A new study currently in press at Geology strongly suggests a link between the November 5, 2011 earthquake near Oklahoma City and a process well known and used all over the world by the oil and gas industry (and others) involving wastewater injection.
Now, I wrote about this quake shortly after it happened. Highly skeptical of claims that the quake was the oil and gas industry's fault, I laid it all out.
I still am, but this is very compelling. Very compelling, and perhaps should force some regulatory changes in states where wastewater injection is ongoing (so far, only Ohio has tightened things up.)
oh, and our FishOutOfWater totally nailed this. Mad props, man.
The Abstract:
Significant earthquakes are increasingly occurring within the continental interior of the United States, including five of moment magnitude (Mw) ≥ 5.0 in 2011 alone. Concurrently, the volume of fluid injected into the subsurface related to the production of unconventional resources continues to rise. Here we identify the largest earthquake potentially related to injection, an Mw 5.7 earthquake in November 2011 in Oklahoma. The earthquake was felt in at least 17 states and caused damage in the epicentral region. It occurred in a sequence, with 2 earthquakes of Mw 5.0 and a prolific sequence of aftershocks. We use the aftershocks to illuminate the faults that ruptured in the sequence, and show that the tip of the initial rupture plane is within ∼200 m of active injection wells and within ∼1 km of the surface; 30% of early aftershocks occur within the sedimentary section. Subsurface data indicate that fluid was injected into effectively sealed compartments, and we interpret that a net fluid volume increase after 18 yr of injection lowered effective stress on reservoir-bounding faults. Significantly, this case indicates that decades-long lags between the commencement of fluid injection and the onset of induced earthquakes are possible, and modifies our common criteria for fluid-induced events. The progressive rupture of three fault planes in this sequence suggests that stress changes from the initial rupture triggered the successive earthquakes, including one larger than the first.
Follow me and we'll talk a little bit about it.
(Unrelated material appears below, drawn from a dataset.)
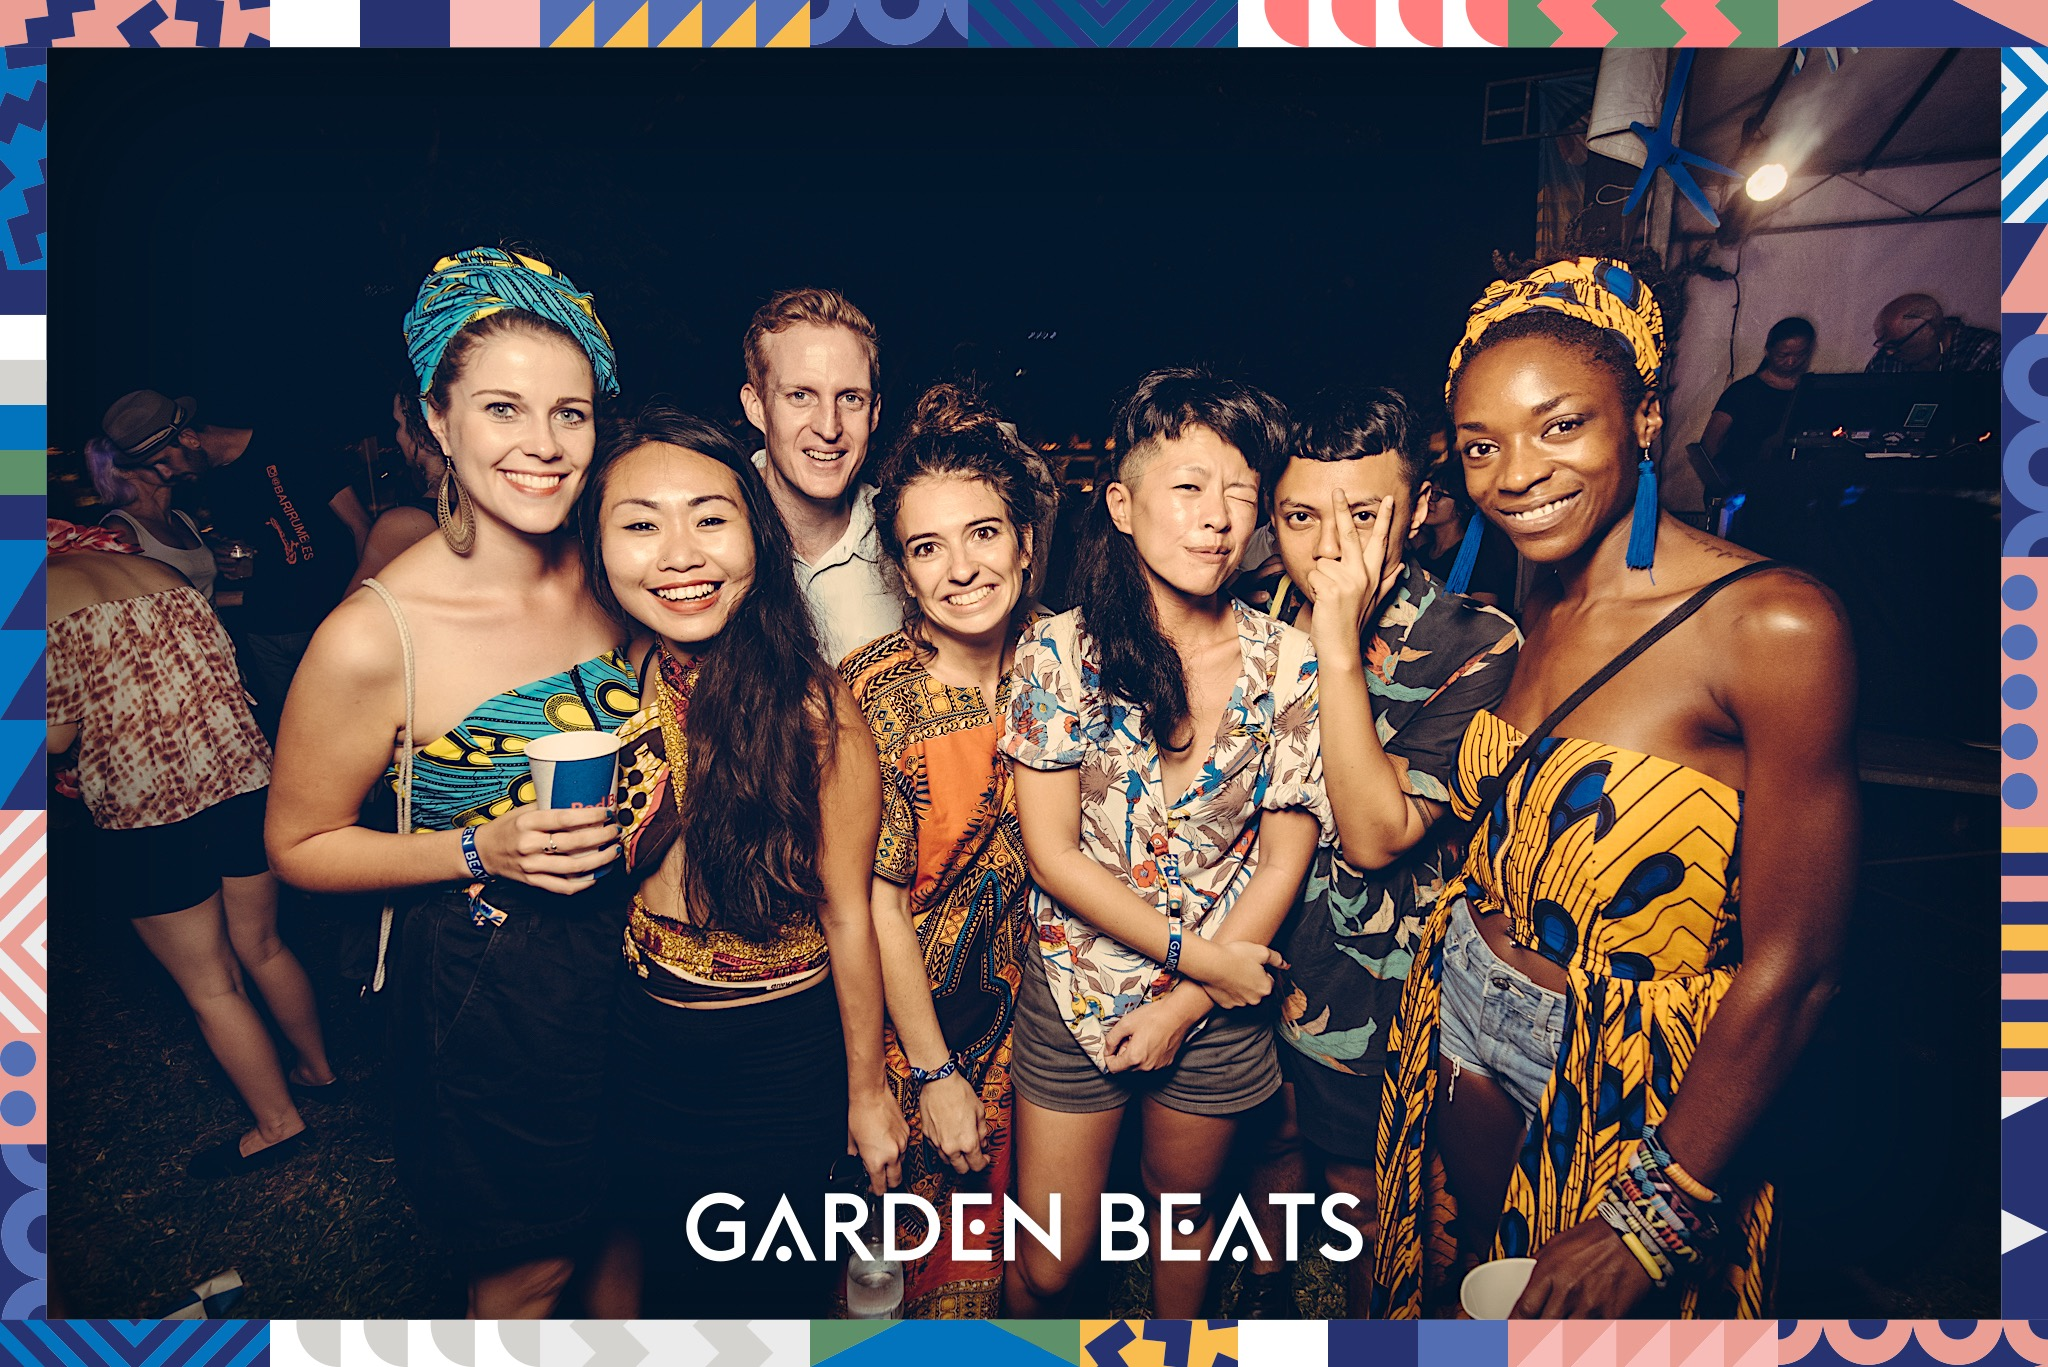 18032017_GardenBeats_Colossal770_WatermarkedGB.jpg

The study, by Katie M. Keranen, Heather M. Savage, Geoffrey A. Abers, and Elizabeth S. Cochran is actually quite simple. Beginning in 2009, seismicity began to increase in Oklahoma. As a result a new seismograph network was deployed. This network captured the November 5th quake's foreshock and large mainshock. The quake was perhaps one of the biggest in 1,000 plus years for Oklahoma.
The newly deployed network was able to pinpoint aftershocks that otherwise would have been missed. They illuminated the region of fault rupture. All were in areas near to wastewater injection wells, and by near, I mean within distances that were practically on top of the fault system that ruptured.
Now, these wells were old. The injection was not new. They'd been used for over 20 years in some cases, to extract all the possible oil from the field through which the Wilzetta Fault (a fairly interesting structure in its own right) traversed. In previous induction earthquake sequences, the quakes began fairly soon---within months. This new study suggests that perhaps there can be a delay, perhaps as long as several decades, before seismicity begins. Also, what changed is in 2006, the pressure at which the water was forced into formations within and beneath the oilfield greatly increased. The strain induced the first quake, an Mw 5.0, which then triggered the mainshock, an Mw 5.7, which then triggered a vigorous aftershock sequence that is still ongoing.
That's a problem. And injection is still ongoing.
Like I said, this is very compelling. I have my reasons for still remaining somewhat skeptical , but they're greatly lessened now in the case of this quake. A prominent theory that areas of elevated seismicity move naturally around the stable continental interiors really has a lot of resonance with me, and these are the hypotheses I laid out when I wrote about this in 2011:
1. The earthquakes are entirely natural
2. They're induced entirely by human activity
3. They're natural, but indicative (warning) of a coming, larger and more significant quake i.e., the Wilzetta Fault (PDF), which appears to be the culprit, has turned itself on, perhaps due to stress transfer from the New Madrid quakes that occurred to its east 200 years ago.
4. Hypothesis 3, but the threat mitigated somewhat, because the strain was partially released due to hypothesis 2.
Mother Jones has a
surprisingly good piece on it(I like them, but have found their science writing hit or miss.) The fluid injection industry is barely regulated, whether its for gas and oil extraction or geothermal energy creation or toxic waste storage (yes, really.) This is a problem. A big one.
Potentially induced earthquakes in Oklahoma, USA: Links between wastewater injection and the 2011 Mw 5.7 earthquake sequence is the paper's title.